FORMUSDC Market Overview

Generado por agente de IAAinvest Crypto Technical Radar
sábado, 11 de octubre de 2025, 7:22 pm ET2 min de lectura
USDC--

• Four/USDC plummeted from $1.16 to $0.46 amid extreme volatility, with a 24-hour low of $0.078.
• Momentum collapsed as RSI and MACD turned sharply negative, signaling oversold conditions.
• Volume spiked dramatically during the drop, with a notable divergence between price and turnover in the final 15 minutes.
• Bollinger Bands widened significantly during the selloff, indicating a possible exhaustion of downward momentum.
• Fibonacci levels at 61.8% may offer short-term support near $0.75, though bearish control is evident.

Four/USDC opened at $1.1568 (12:00 ET − 1) and closed at $0.755 at 12:00 ET, with a high of $1.1616 and a low of $0.0784 over the 24-hour period. The pair experienced a dramatic selloff, dropping over 60% as bearish momentum intensified. Total volume reached 4.83 million, with notional turnover surging to over $3.4 million, reflecting extreme market participation and panic selling.

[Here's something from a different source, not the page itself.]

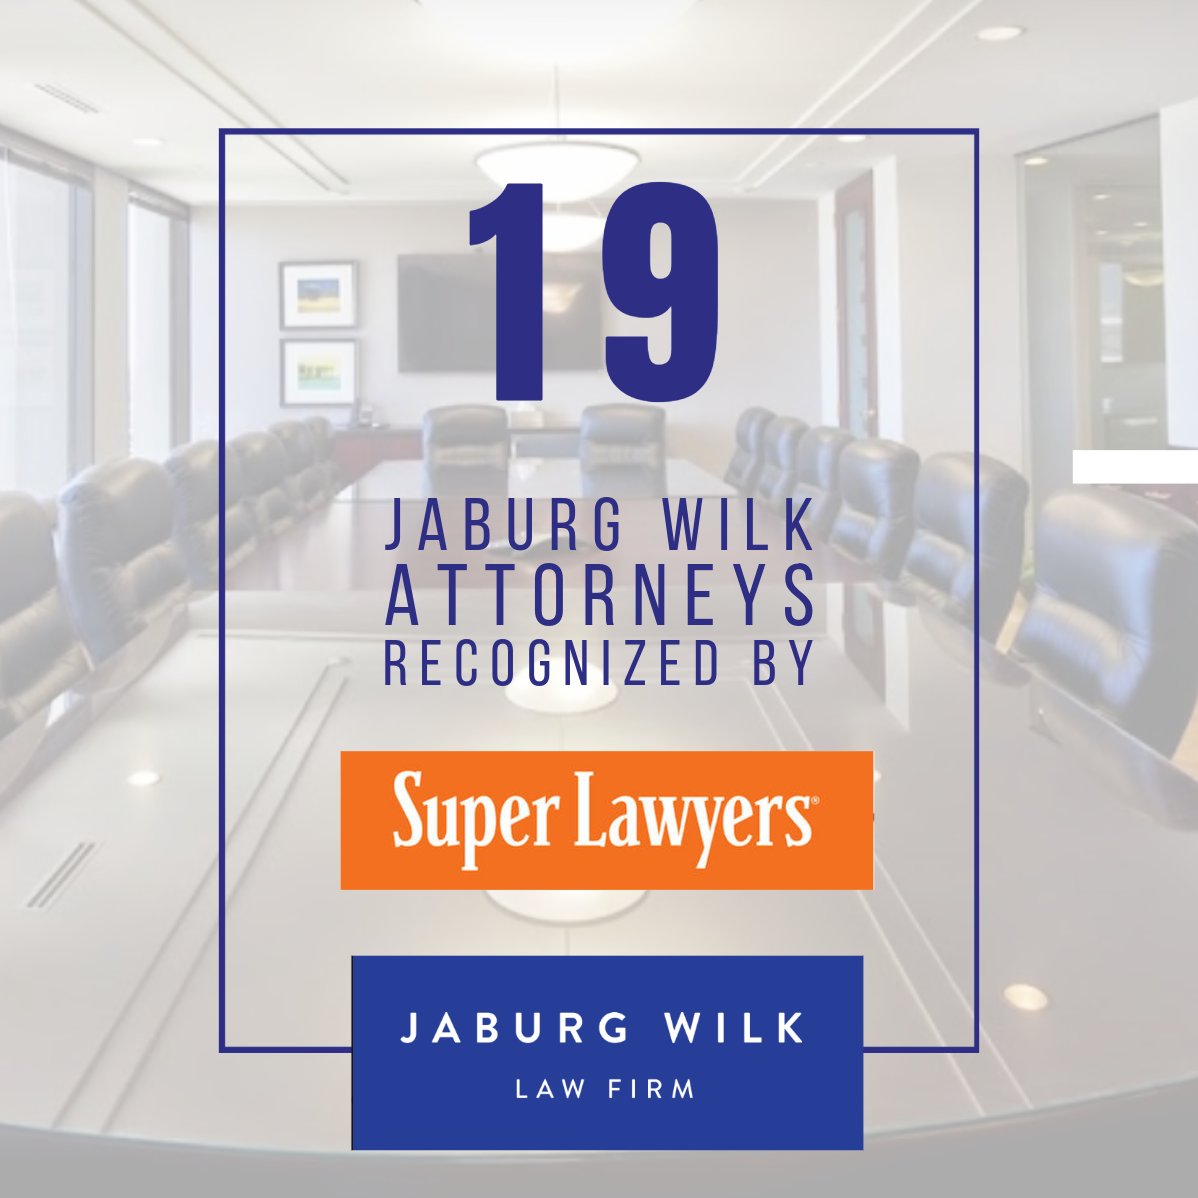 🌟 Proud to announce 19 Jaburg Wilk attorneys are 2024 Southwest Super Lawyers & Rising Stars! Recognized among the top legal professionals in AZ for their expertise & dedication. Congratulations to all! 🏆👨‍⚖️👩‍⚖️ #JaburgWilk #SuperLawyers #RisingStars #PhoenixLaw

The chart structure suggests a breakdown from a bullish pattern into a deep bearish trend. A key support level appears to have formed around $0.75, coinciding with the 61.8% Fibonacci retracement from the high. However, the price has yet to stabilize above this level, and the formation of long lower shadows and engulfing patterns suggests that sellers may still dominate. The 20-period and 50-period moving averages on the 15-minute chart have shifted decisively lower, reinforcing bearish bias.

MACD turned sharply negative with a strong bearish crossover, and RSI has entered the 20–30 range, indicating potential oversold conditions. However, the depth and duration of the selloff suggest that further support testing may be required before a reversal occurs. Bollinger Bands have widened significantly in response to the volatility, and the price has closed near the lower band, indicating possible exhaustion of the downtrend. A short-term bounce could occur if buyers emerge near the 38.2% retracement at $0.87, though this remains speculative.

The volume profile tells a mixed story. While the initial drop saw a massive increase in trading volume (notably at $0.9264), the final leg of the selloff saw a sharp drop in volume, suggesting a lack of conviction among sellers. Turnover also peaked early in the downturn and has since declined. This divergence between volume and price could indicate that the selloff is exhausting, especially if the price consolidates near current levels. However, until volume picks up on a rebound, bearish bias remains strong.

Backtest Hypothesis
The proposed backtest strategy focuses on identifying divergences between price and RSI during sharp selloffs. A long entry is triggered when RSI < 30 while price closes above the 20-period moving average. Stop-loss is placed at the 15-minute low of the current downtrend, and take-profit targets the 38.2% and 61.8% Fibonacci levels. Given today’s sharp decline and RSI hitting oversold levels, a buy trigger may be justified if the pair closes above $0.755 tomorrow. However, the lack of follow-through volume raises concerns about the sustainability of a rebound.